Von Frank Grotelüschen |
    Florian Kronast läuft eine Metalltreppe hoch. Oben, auf der Galerie, bleibt der Physiker stehen und zeigt auf Dutzende von Versuchsaufbauten, die sich wie zusammengewürfelt in der großen, kreisrunden Halle drängen.

    "Jetzt sind wir im Elektronen-Speicherring Bessy-2. Wird auch gern als hellste Lampe Berlins bezeichnet. Eine sehr helle und sehr gut fokussierte Röntgenlampe."

    Im Zentrum der Halle steckt ein Beschleunigerring mit 240 Metern Umfang. In ihm kreisen Elektronen nahezu mit Lichtgeschwindigkeit und erzeugen einen Röntgenstrahl – extrem stark und gebündelt wie Laserlicht. Kronast macht Halt vor einem der Versuchsaufbauten: ein Gewirr aus Metallröhren und -zylindern, Kabeln, Anzeigegeräten und ...

    "Damit kann man sozusagen den Fingerabdruck der Materialien bekommen, die in der Probe enthalten sind."

    Mit diesem Röntgenmikroskop hat Kronast unlängst ein besonderes Material unter die Lupe genommen. Jetzt steckt die Probe in einem Plastiktütchen.

    "Da ist Granulat drin, damit die Probe auf keinen Fall feucht wird. Und hier ist ein kleiner Zylinder, in dem liegt die Probe. Das ist ein kleines Plättchen, ungefähr vier Mal vier Millimeter groß. Schimmert metallisch."

    Das Plättchen ist eine Art Nano-Sandwich. Außen zwei Magnetschichten, in der Mitte eine nanometerfeine Schicht aus einem Material namens Bariumtitanat. Dieses Sandwich könnte hochinteressant sein für die Computer von übermorgen, sagt Sergio Valencia. Ebenso wie Kronast arbeitet er am Helmholtz-Zentrum Berlin für Materialien und Energie.

    "Damit könnte man Bauteile schaffen, die mit der heutigen Elektronik nur schlecht zu machen sind. Zum Beispiel einen Speicherchip, der im Gegensatz zu den heutigen Chips seinen Inhalt nicht vergisst."

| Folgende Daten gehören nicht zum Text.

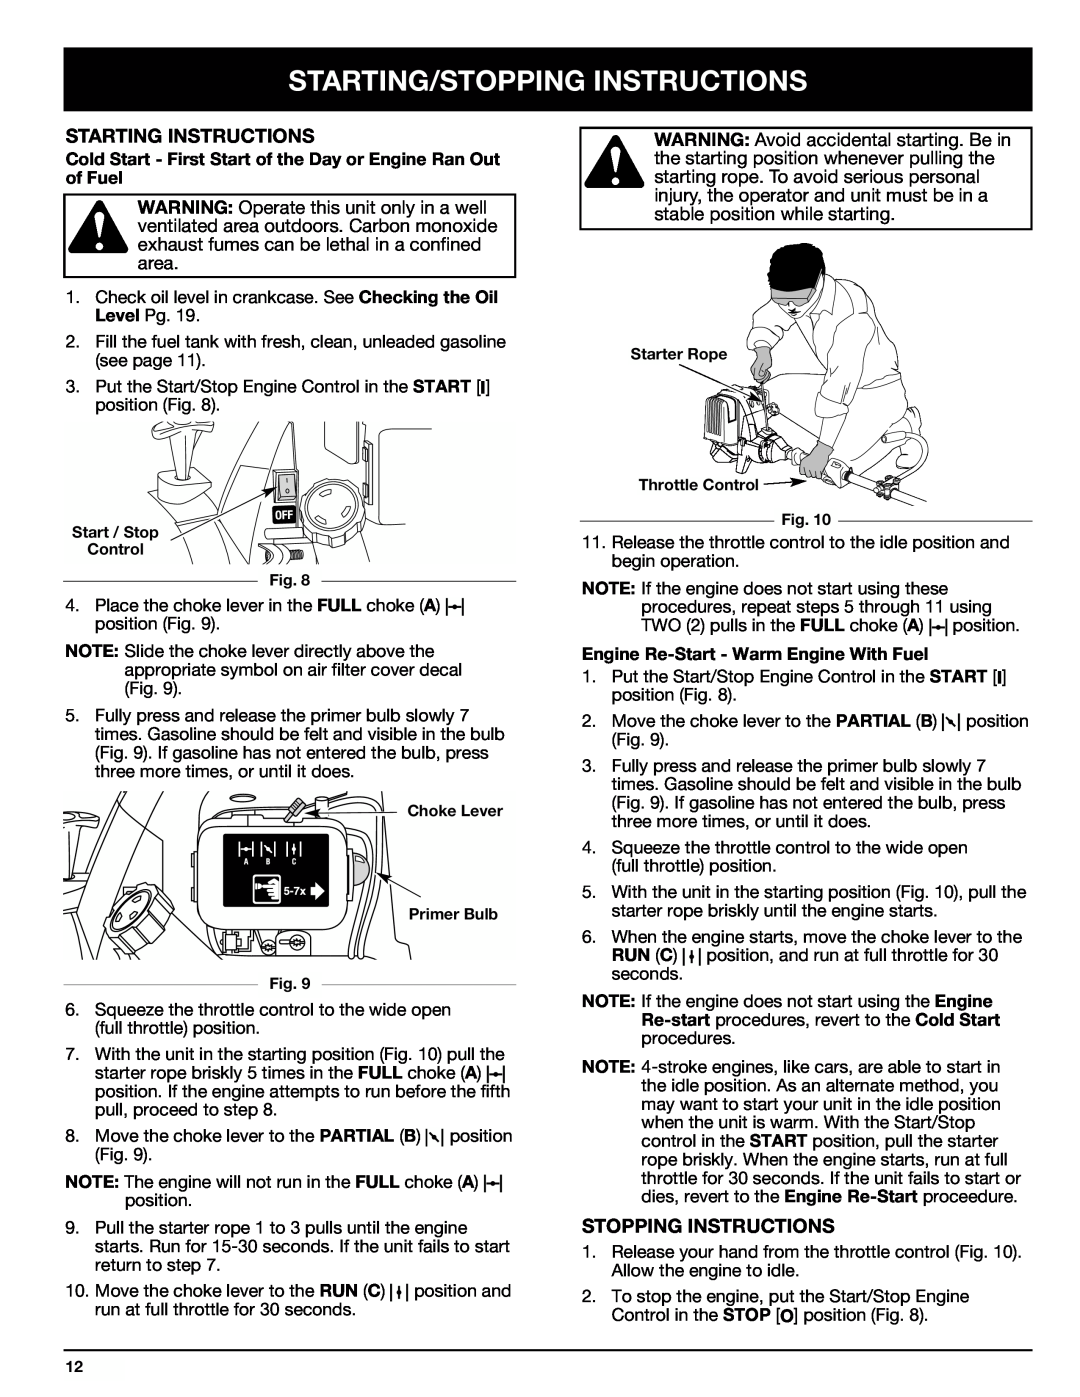 Ryobi Outdoor 875r manual Starting/Stopping Instructions, Starting Instructions

    MRAM, so heißt das Konzept. Vereinfacht gesagt basiert es darauf, dass die Information nicht elektrisch gespeichert wird wie bei herkömmlichen Speicherchips, sondern magnetisch. Zwar gibt es solche MRAMs zu kaufen. Aber sie taugen nur für Nischenanwendungen wie die Raumfahrt. Der Grund: Sie sind teuer und brauchen zu viel Strom. Denn um die Chips zu ansteuern, braucht man ein Magnetfeld und starke Strompulse. Genau das ist bei jenem Nano-Sandwich anders, das die Berliner Physiker gemeinsam mit Forschern aus Frankreich kürzlich untersucht haben. Der Trick, so Valencia:

    "Wir verwenden als mittlere Schicht des Nano-Sandwichs ein Material, das man elektrisch aufladen kann – und zwar indem man einfach eine elektrische Spannung anlegt. Damit können wir die äußeren Magnetschichten gezielt beeinflussen, können quasi steuern, wie sich die Kompassnadeln in den Magnetschichten ausrichten sollen."

    Also: eine kleine elektrische Spannung statt kräftiger Strompulse, um das Material anzusteuern. Das ist ungefähr so, als müsste man einen schweren Kartoffelsack nicht mühsam die Kellertreppe hochschleppen, sondern könnte ihn bequem mit dem Fahrstuhl transportieren. Aber: Von einem PC-Arbeitsspeicher, der wenig Energie verbraucht und die Daten trotzdem dauerhaft speichert, ist man noch ein gutes Stück entfernt, sagt Sergio Valencia.

    "Wir haben erst einmal vor, neue Materialkombinationen zu untersuchen. Bisher nämlich haben wir den Effekt nur bei minus 270 Grad Celsius beobachtet. Jetzt suchen wir nach Systemen, die bei Raumtemperatur funktionieren. Erst dann kann man daran denken, Bauteile wie den magnetischen Speicherchip zu designen."